The Costa Rican specimen is comparable to Monstrillopsis fosshageni , but differs in being much smaller (0.55 mm versus 1.8 mm), having a terminal spiniform process of the fifth antennular segment less than half the length of the segment versus a longer element in Monstrillopsis fosshageni , representing more than half the length of the segment. Although some antennular elements are absent in Monstrillopsis fosshageni (see Suárez-Morales and Dias 2001), in this species element 1 is extremely long and heavily setulated whereas it is relatively short and lightly setulated in the new species. The genital apparatus has the same structure and proportions, but the terminal lappets are relatively stronger in the new species; also, in Monstrillopsis fosshageni , these are smooth, without the blister-like ornamentations described in Monstrillopsis cahuitae sp. nov.

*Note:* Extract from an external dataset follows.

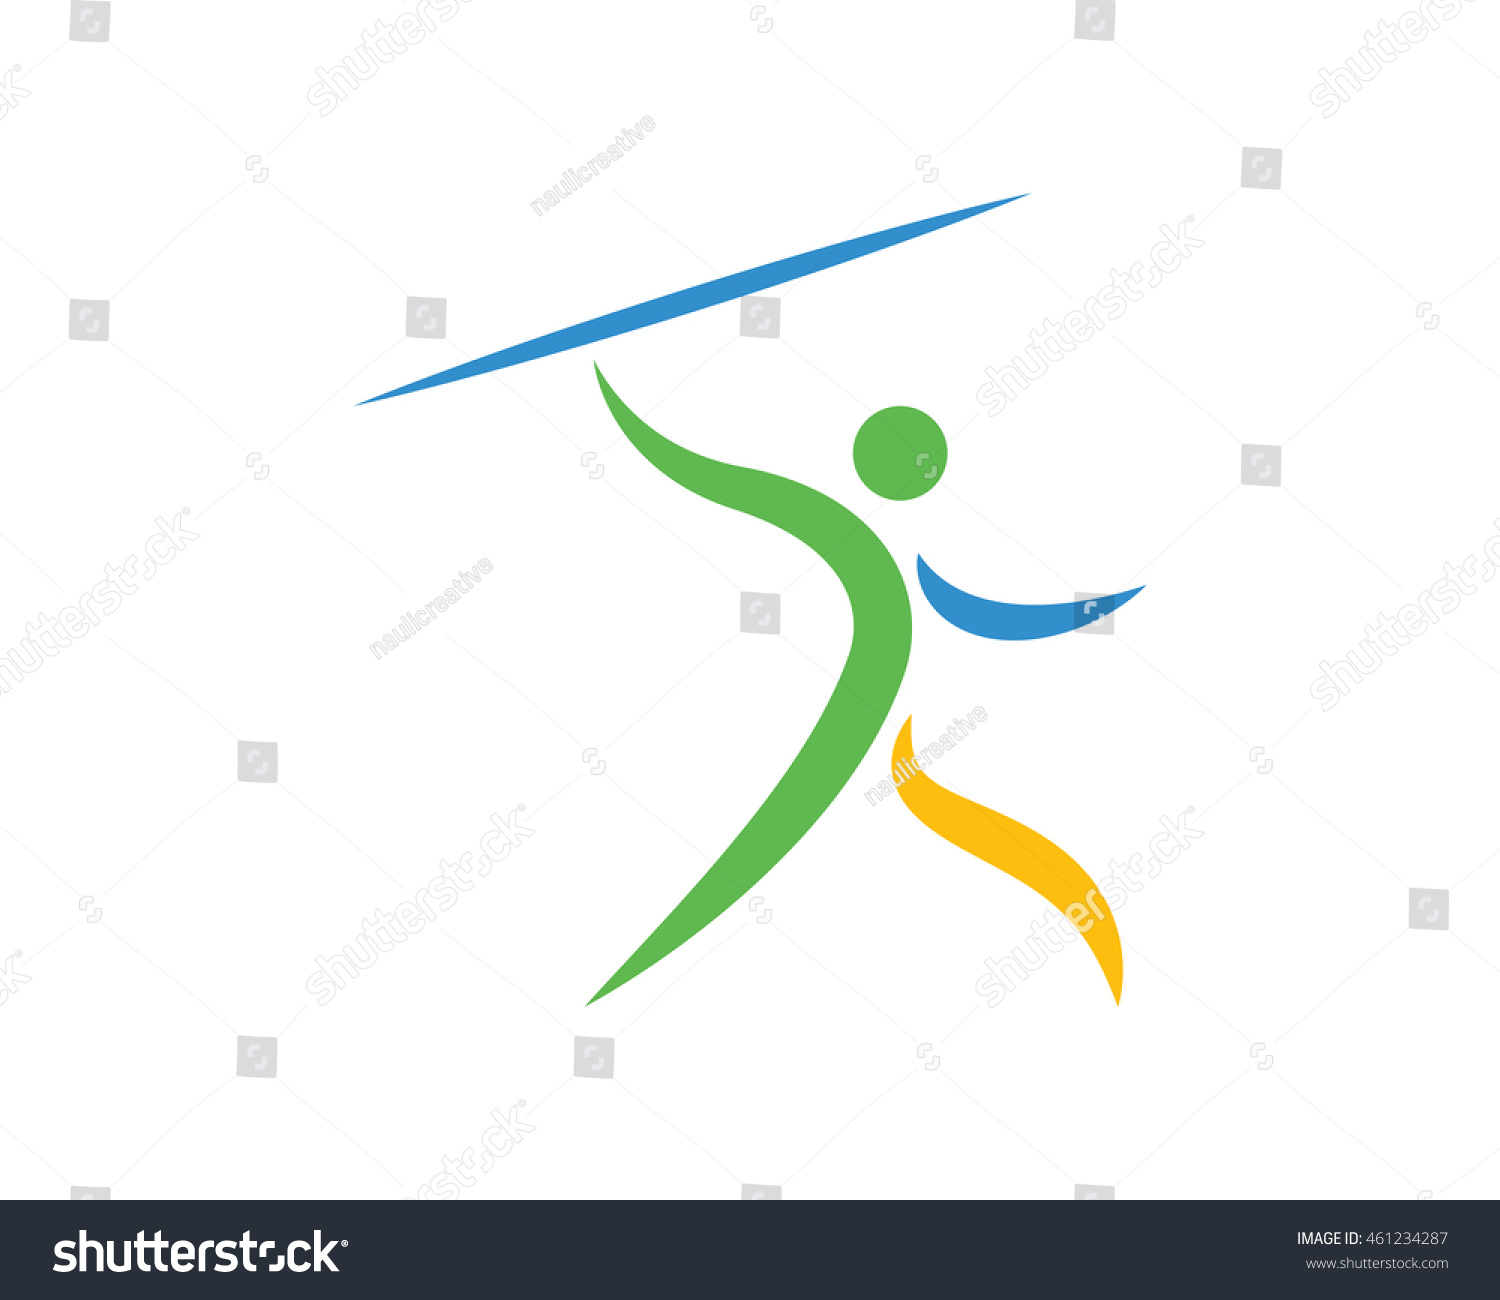 Summer sports icons set - javelin throw icon vector illustration

Suárez-Morales et al. (2006) included the following nominal species in the genus Monstrillopsis : Monstrillopsis dubia ( Scott, 1904) from Scotland (60 ◦ N), Monstrillopsis zernowi from the Black Sea (43 ◦ N), Monstrillopsis sarsi Isaac, 1974 from England (54 ◦ N), Monstrillopsis fosshageni from Brazil (20 ◦ S), Monstrillopsis dubioides Suárez-Morales, 2004 from Norway (62 ◦ N), Monstrillopsis ferrarii Suárez-Morales and Ivanenko from the White Sea in the Arctic Ocean (66 ◦ N), Monstrillopsis chilensis from off Chile (33 ◦ S), Monstrillopsis igniterra from the Southern Ocean (55 ◦ S). Later on, Suárez-Morales and Morales-Ramírez added Monstrillopsis chathamensis from the Eastern Pacific. Together with Monstrillopsis fosshageni , the new species Monstrillopsis cahuitae is the second Monstrillopsis species known from a male only. Only four of the ten species of Monstrillopsis has been recorded from subtropical or tropical areas. Hence, it is expected that the description of this species based on the male will help the identification of the female in the same reef area.